▶ REQUIRED WORK
Could the listing below be reproduced exactly, minus its pictures?

▶ SOURCE MATERIAL
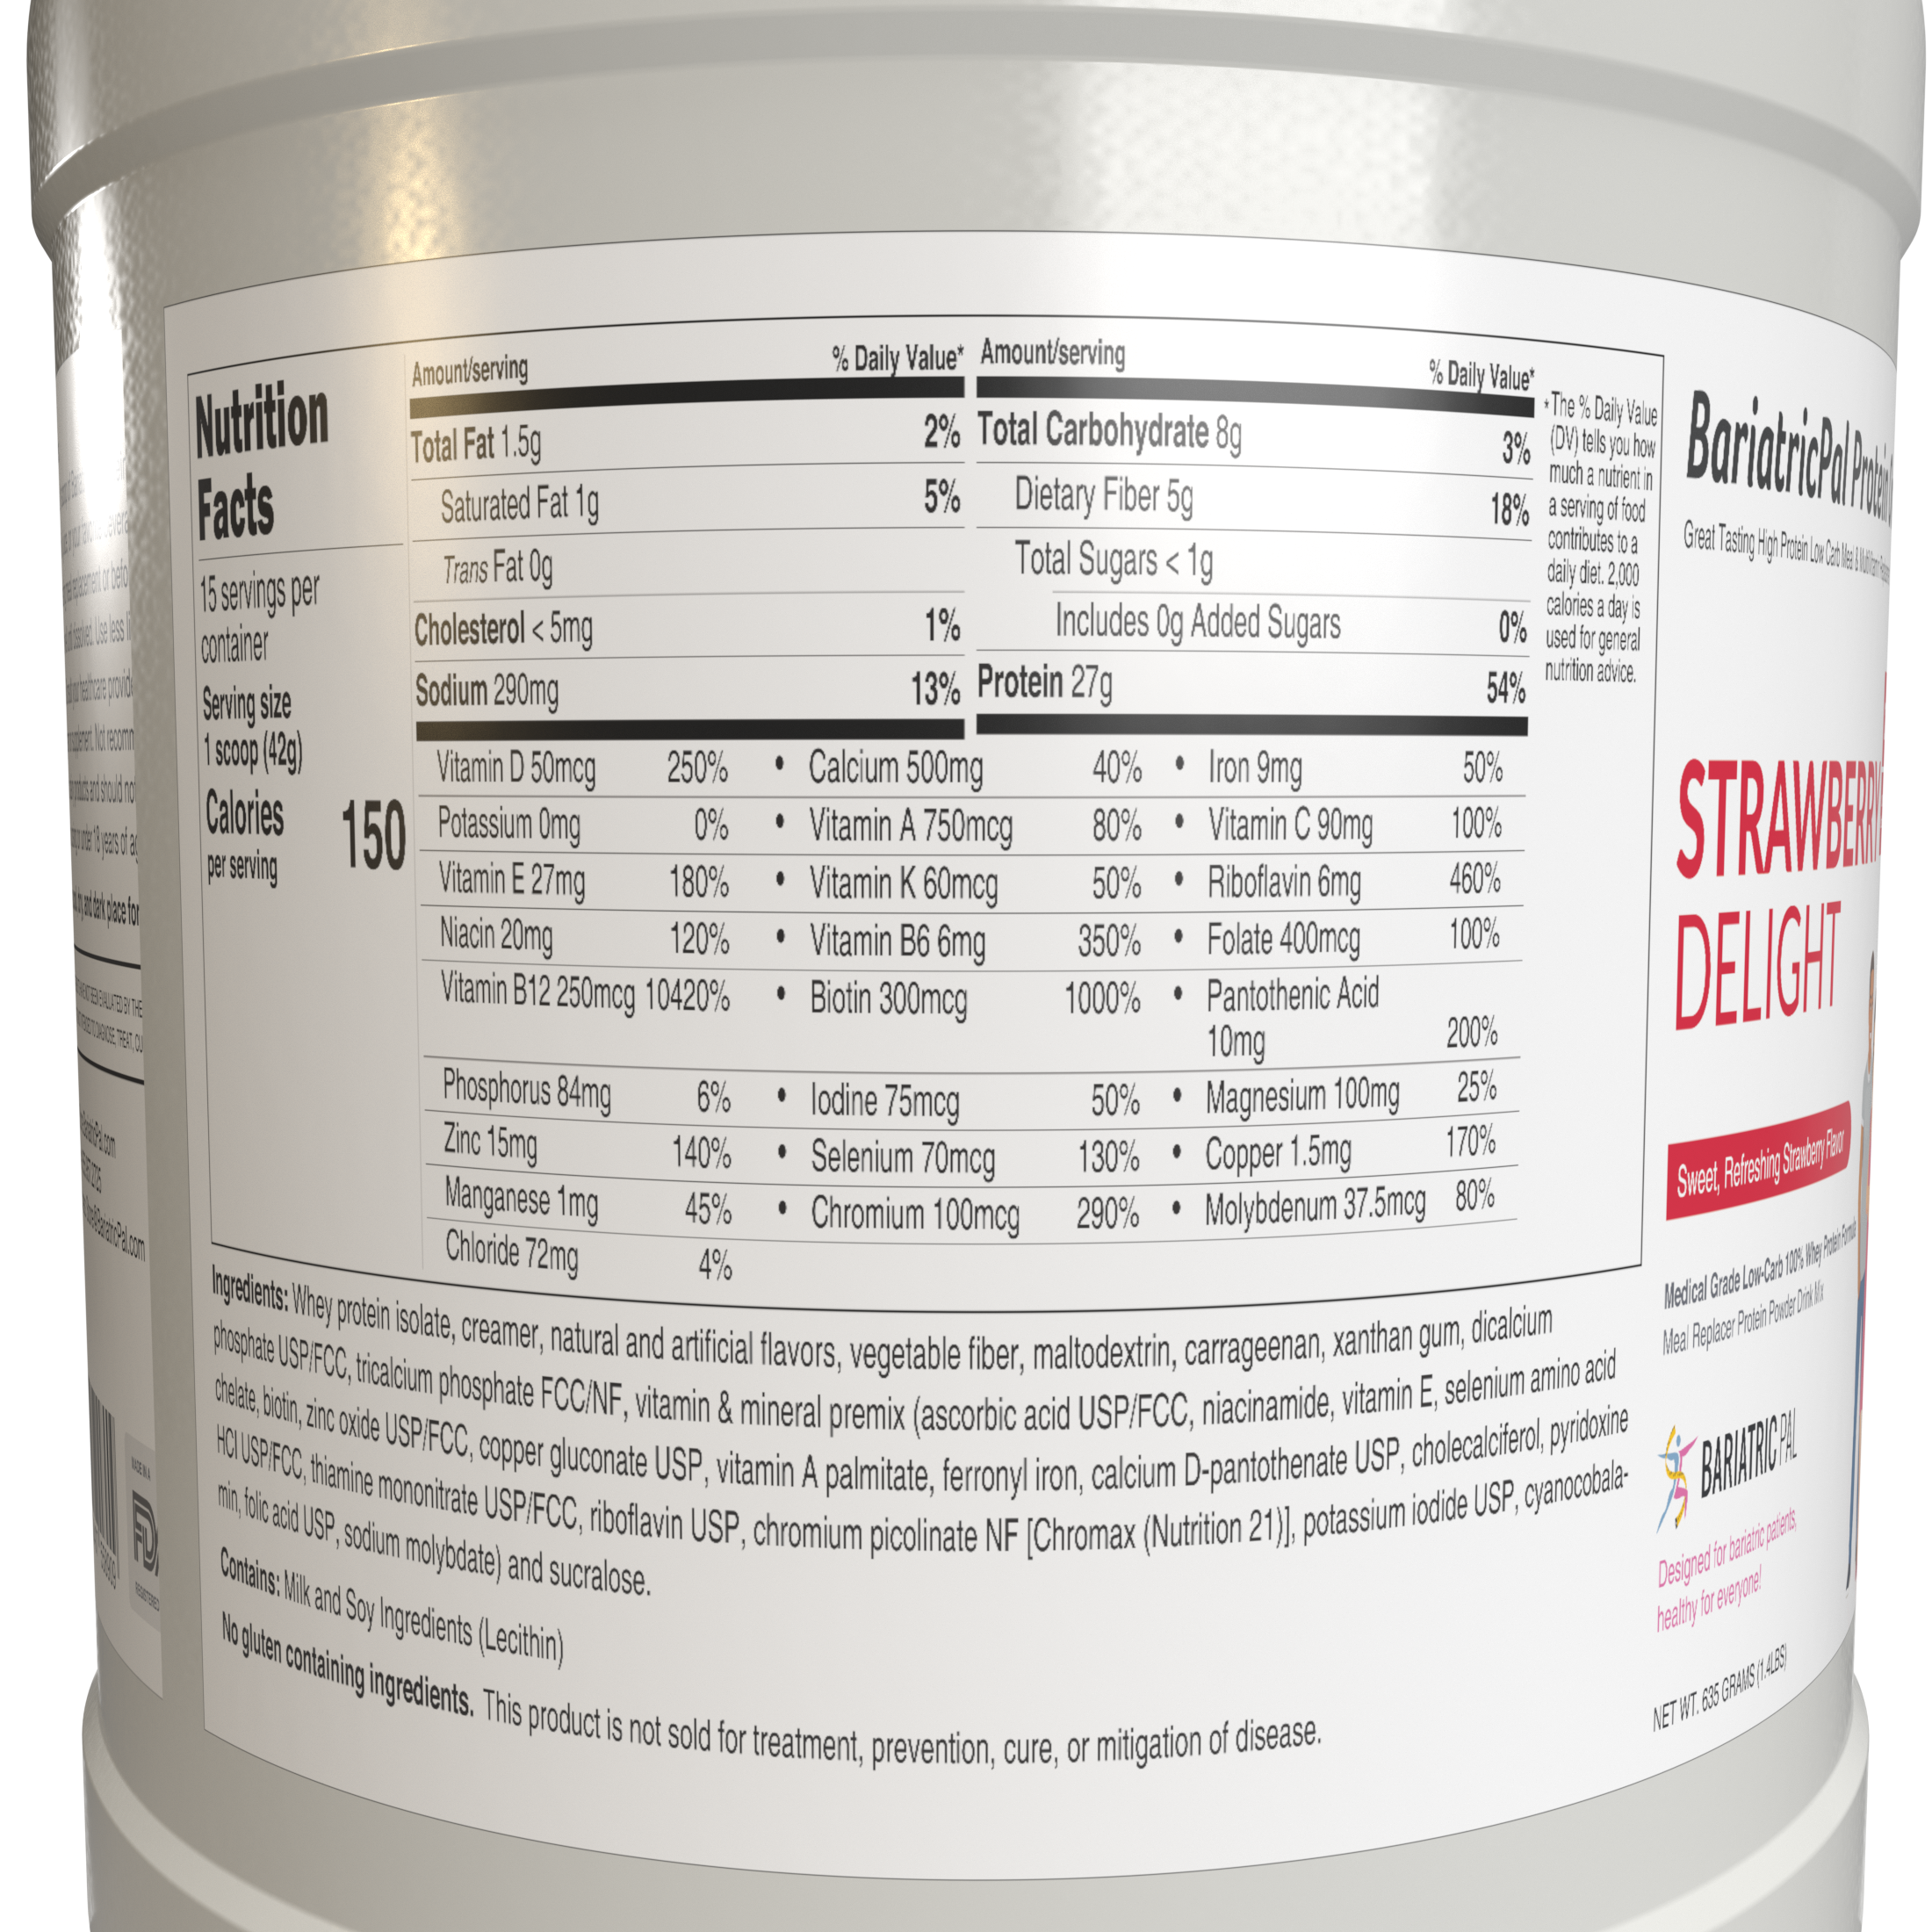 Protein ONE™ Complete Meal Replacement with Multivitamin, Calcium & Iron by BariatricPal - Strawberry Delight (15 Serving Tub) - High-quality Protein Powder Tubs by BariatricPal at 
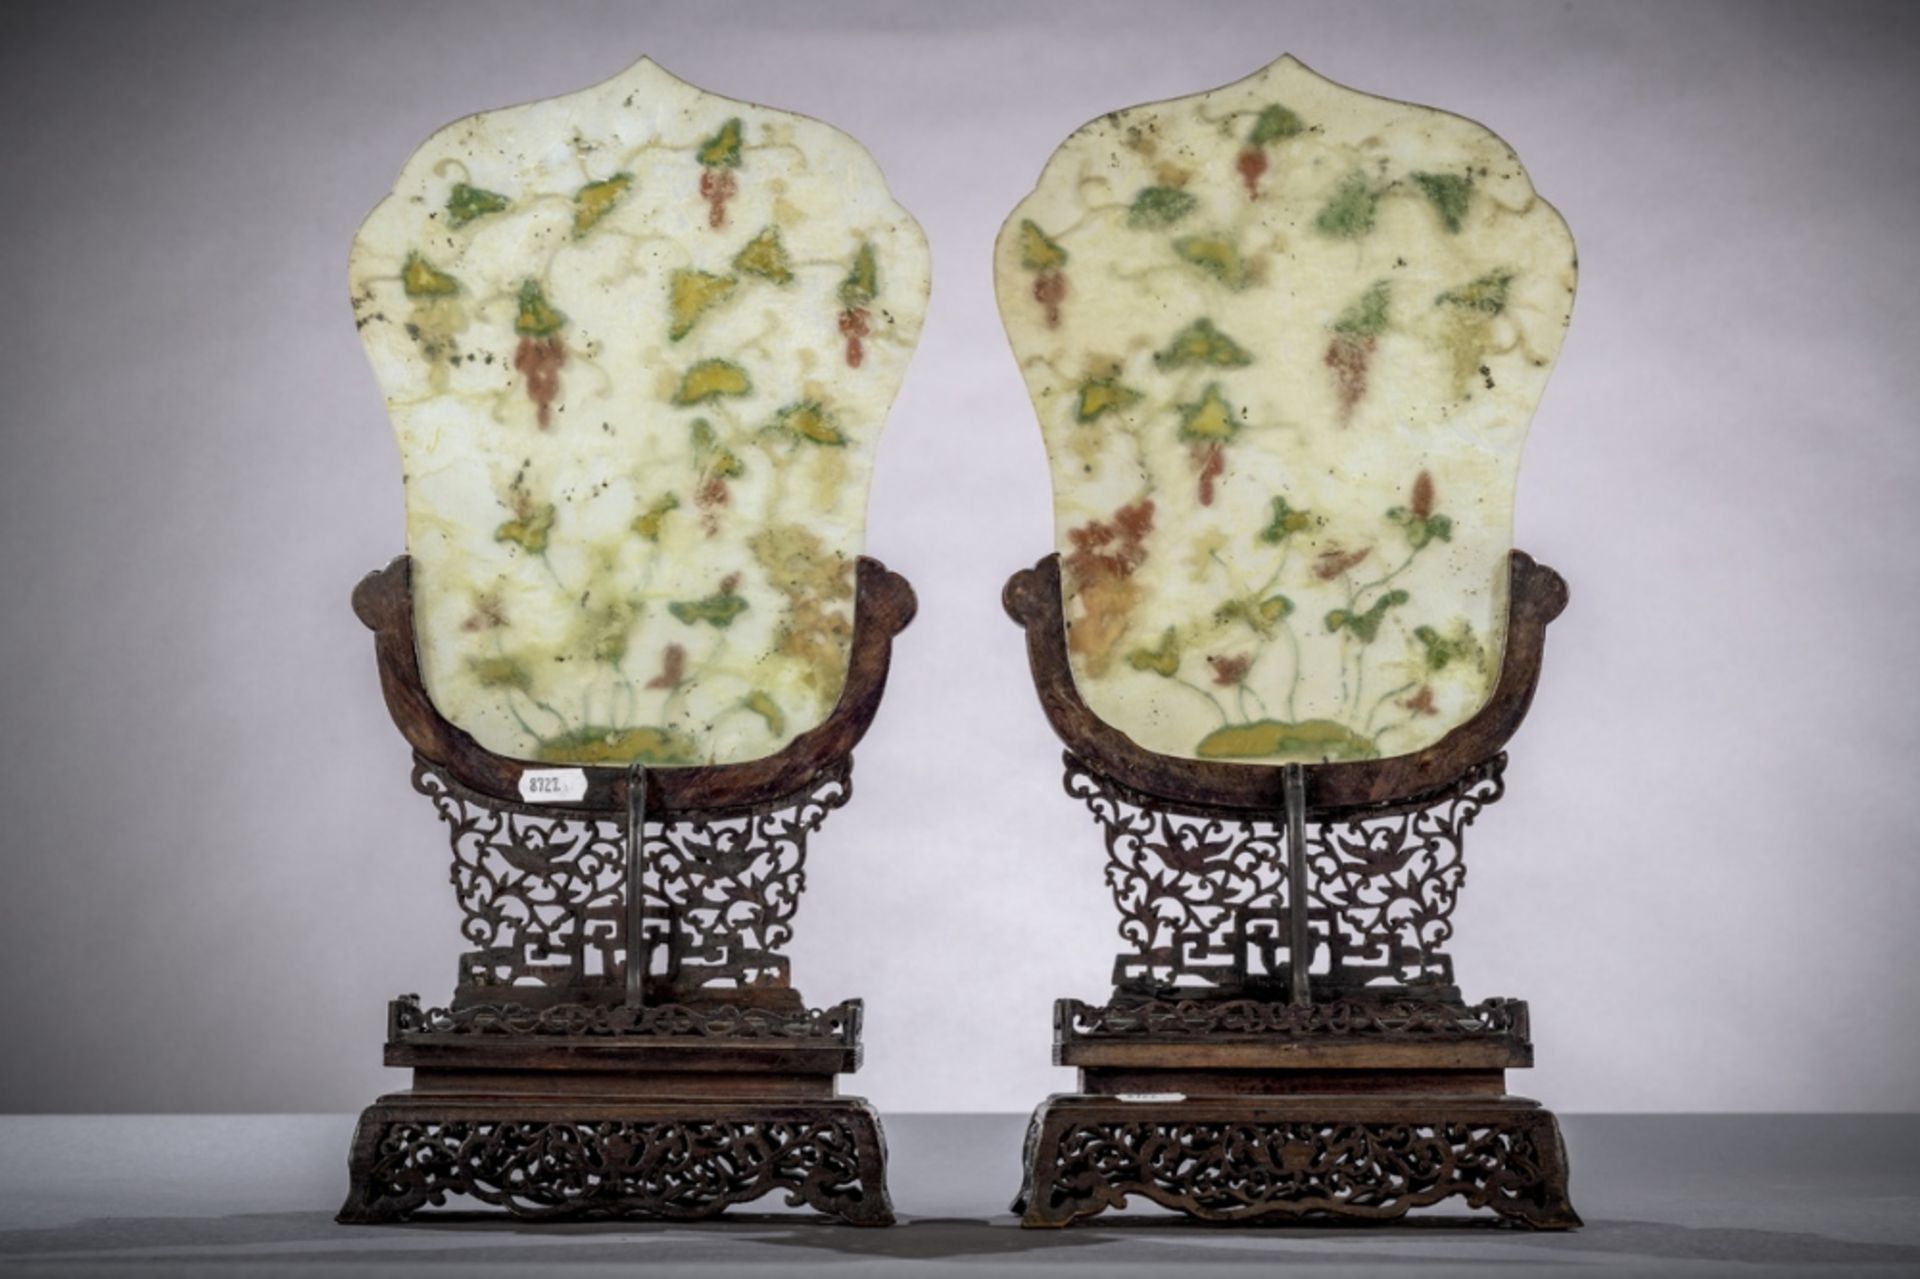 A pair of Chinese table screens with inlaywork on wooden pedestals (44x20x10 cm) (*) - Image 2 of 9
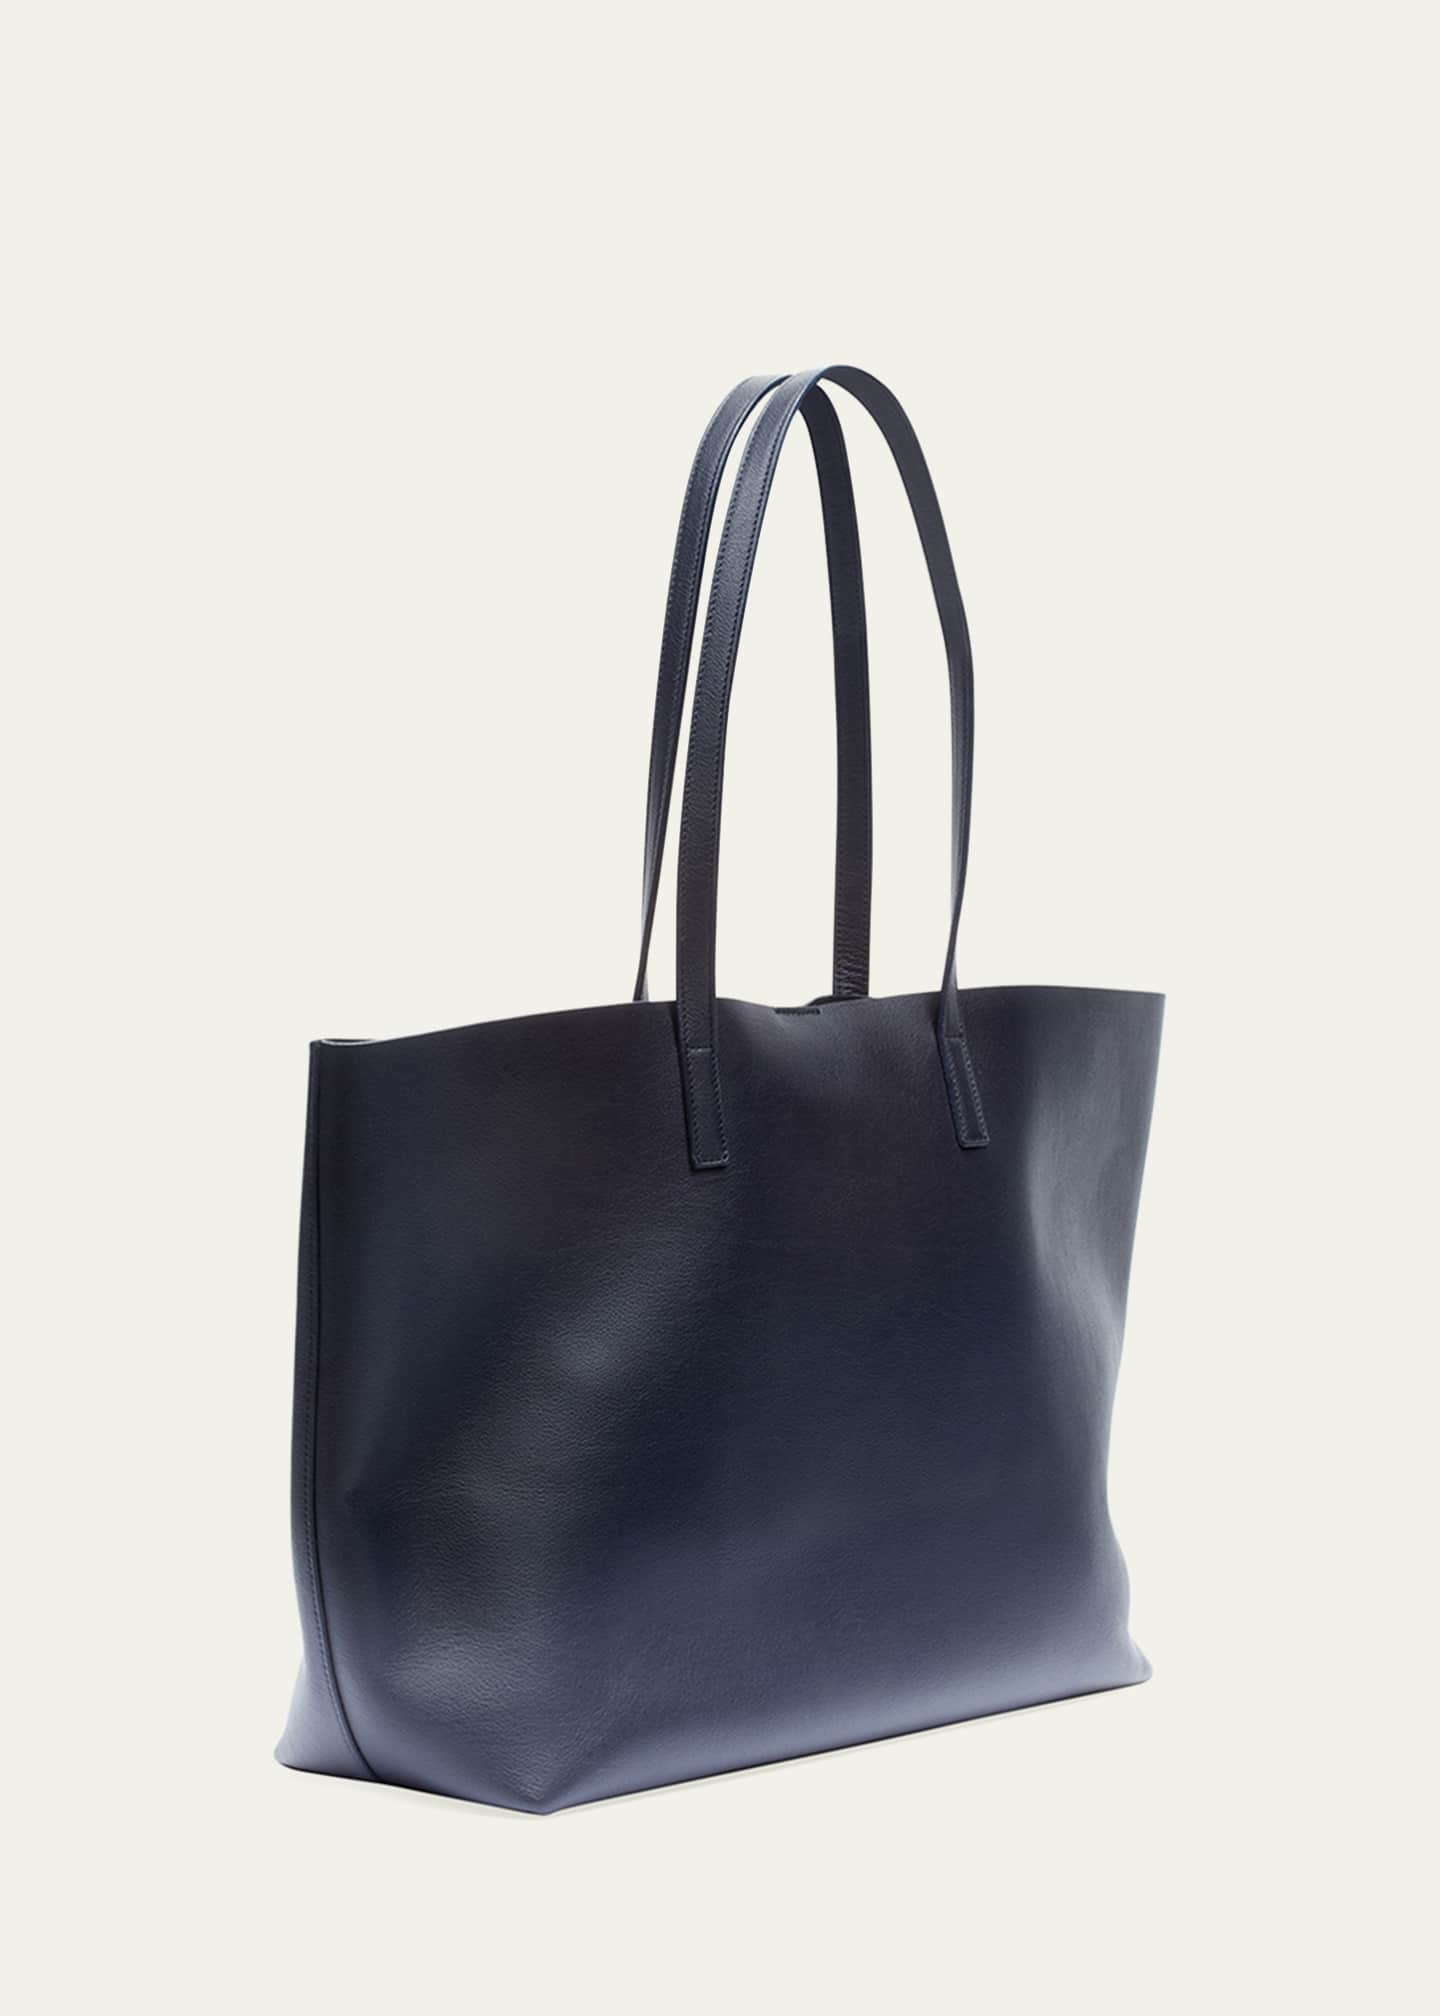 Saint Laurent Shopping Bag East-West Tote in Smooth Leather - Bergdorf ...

▶ YOUR RESPONSE
 Protein ONE™ Complete Meal Replacement with Multivitamin, Calcium & Iron by BariatricPal - Strawberry Delight (15 Serving Tub) - High-quality Protein Powder Tubs by BariatricPal at 
 A pair of Chinese table screens with inlaywork on wooden pedestals (44x20x10 cm) (*) - Image 2 of 9
 Saint Laurent Shopping Bag East-West Tote in Smooth Leather - Bergdorf ...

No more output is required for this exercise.